The station is a member of the Alliance des radios communautaires du Canada.

==History==
On April 28, 2000, L'Association Franco-culturelle de Yellowknife received CRTC approval to operate a new French-language community radio station at Yellowknife. The station would broadcast on a frequency of 93.3 MHz, with an effective radiated power of 164 watts. 126 hours of programming per week would be broadcast, of which 15 hours would be produced locally, with the balance of the programming originating with the French-language radio network Réseau Francophone D'Amérique. The licence would be held by a not-for-profit organization.
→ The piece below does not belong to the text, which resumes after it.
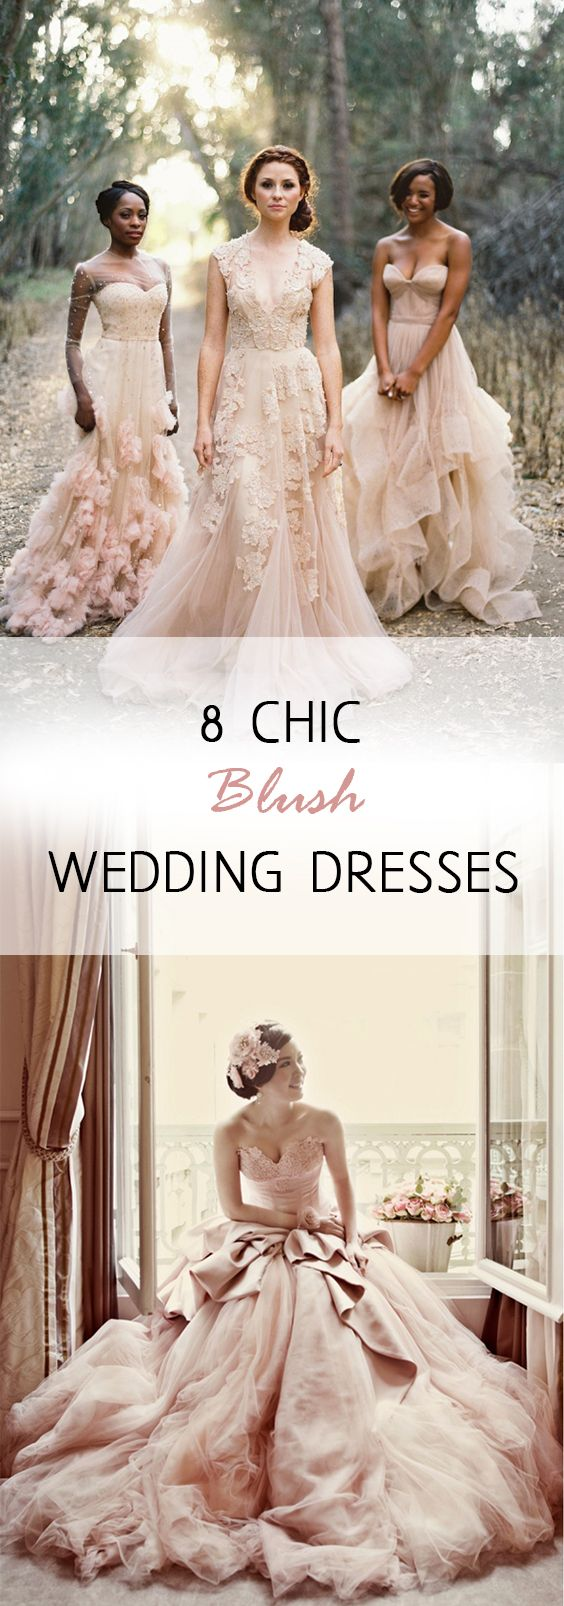 Wedding Dresses Dress Inspiration Hacks Color Schemes

Still unbuilt, on April 5, 2001, CIVR-FM received approval from the CRTC to change frequencies from 93.3 to 103.5 MHz. Two weeks later, the CRTC granted it an extension of its construction period, and the station signed on September 14, 2001.

On June 9, 2011, Société Radio Taïga received CRTC approval to acquire CIVR-FM from L'Association Franco-Culturelle de Yellowknife. Upon surrender of the current licence issued to L'Association Franco-Culturelle de Yellowknife, the Commission would issue a new licence to Société Radio Taïga, to expire August 31, 2013. Furthermore, the Commission's analysis revealed that, during the current licence term, CIVR-FM might have contravened section 9(2) of the Radio Regulations, 1986 regarding the submission of annual returns for the 2005-2006 and 2009-2010 broadcast years. In a letter dated February 10, 2011, the applicant indicated that, once the acquisition of assets was complete, it would pursue the matter so that it could submit the missing annual returns to the Commission by the end of March 2012. The Commission stated it would review CIVR-FM's compliance with its regulatory obligations, including any instances of non-compliance, in the context of the station's licence renewal in 2013.

In 2021, the station owner merged with the Yellowknife-based francophone newspaper L'Aquilon. The merger brought both outlets under the management of a new organization, Médias Ténois.